[AIM OF THE TASK]
In the listing below, find the line containing "Vintage Cycling Dad" and the line containing "The Role of". Repeat exactly those two lines and every line between them, nothing more.

[GIVEN DATA]

----------

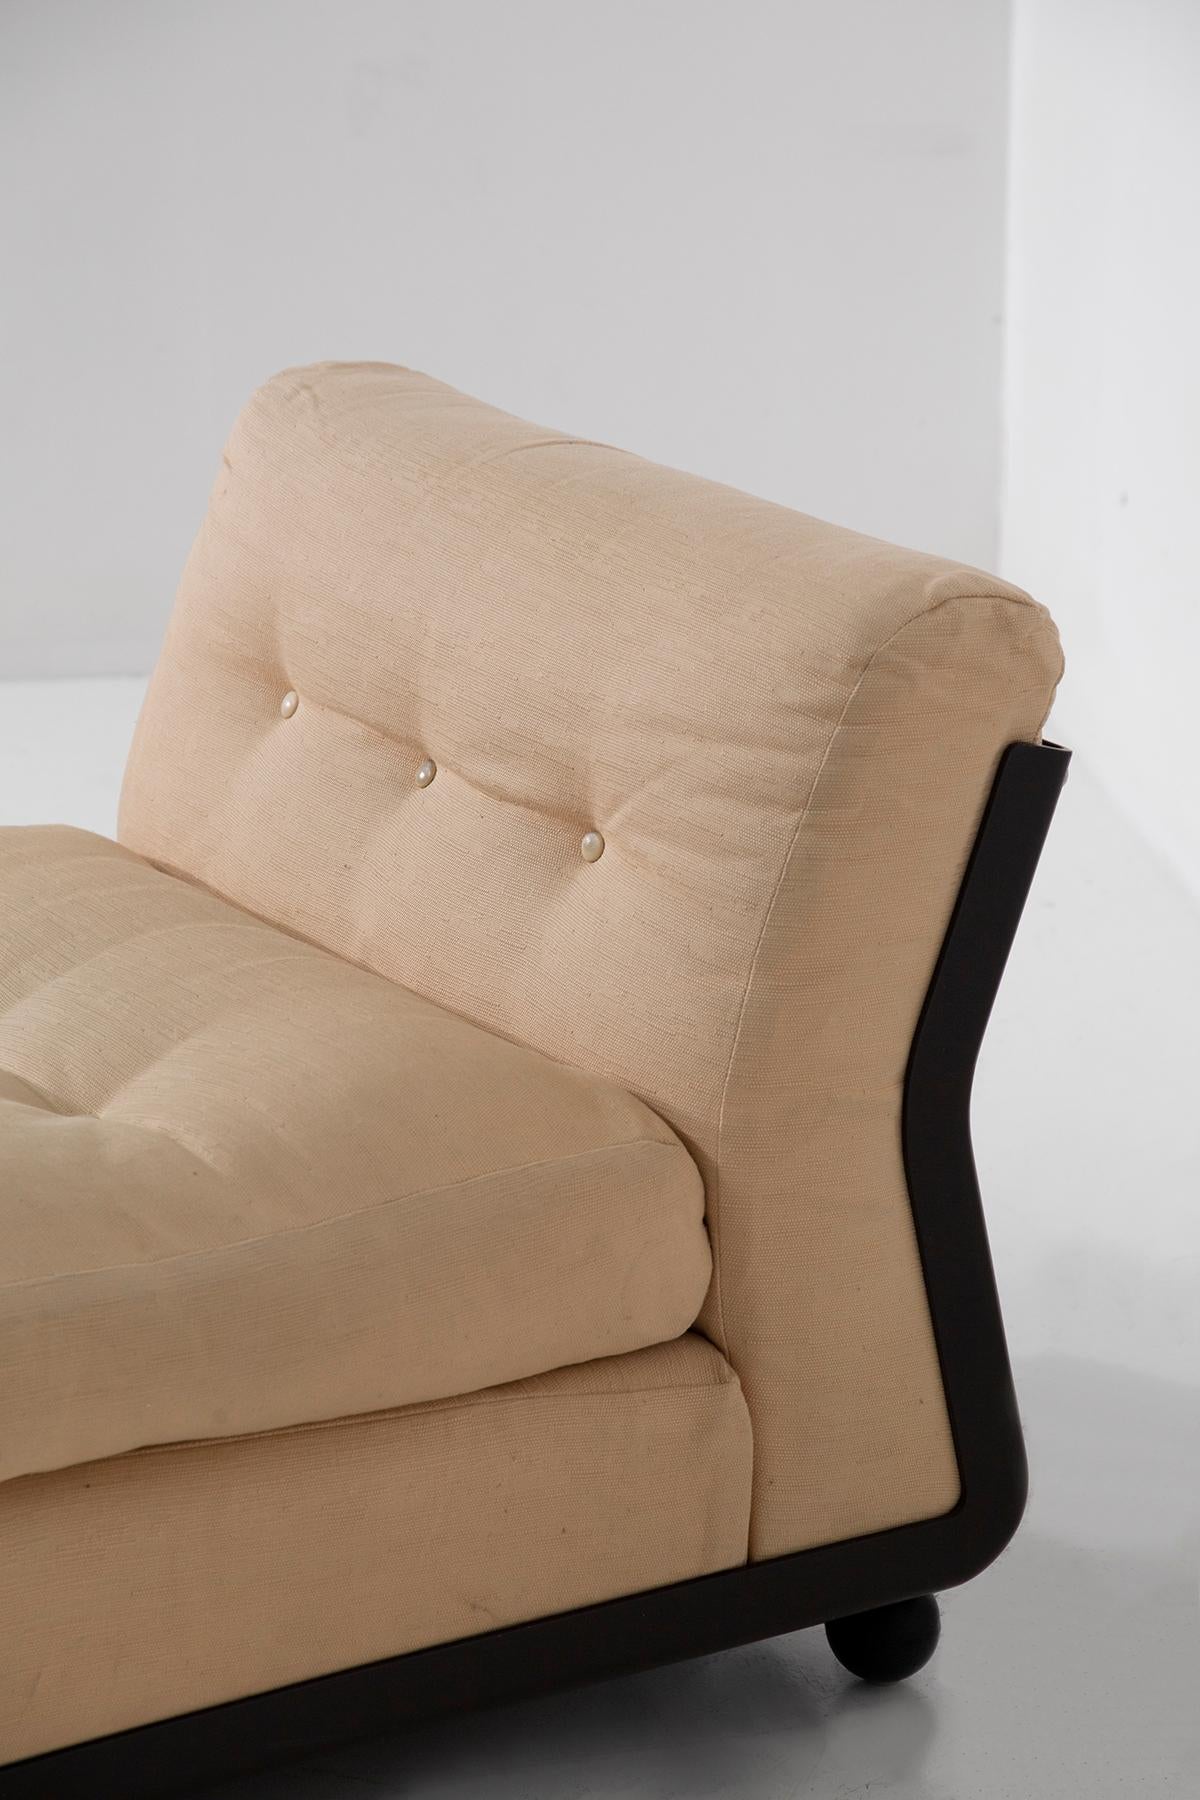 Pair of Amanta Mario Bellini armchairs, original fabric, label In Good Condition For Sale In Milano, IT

----------

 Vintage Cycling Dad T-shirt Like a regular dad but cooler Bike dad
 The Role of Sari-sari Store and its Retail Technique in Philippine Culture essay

----------

[SOLUTION FOR THIS TASK]
 Vintage Cycling Dad T-shirt Like a regular dad but cooler Bike dad
 The Role of Sari-sari Store and its Retail Technique in Philippine Culture essay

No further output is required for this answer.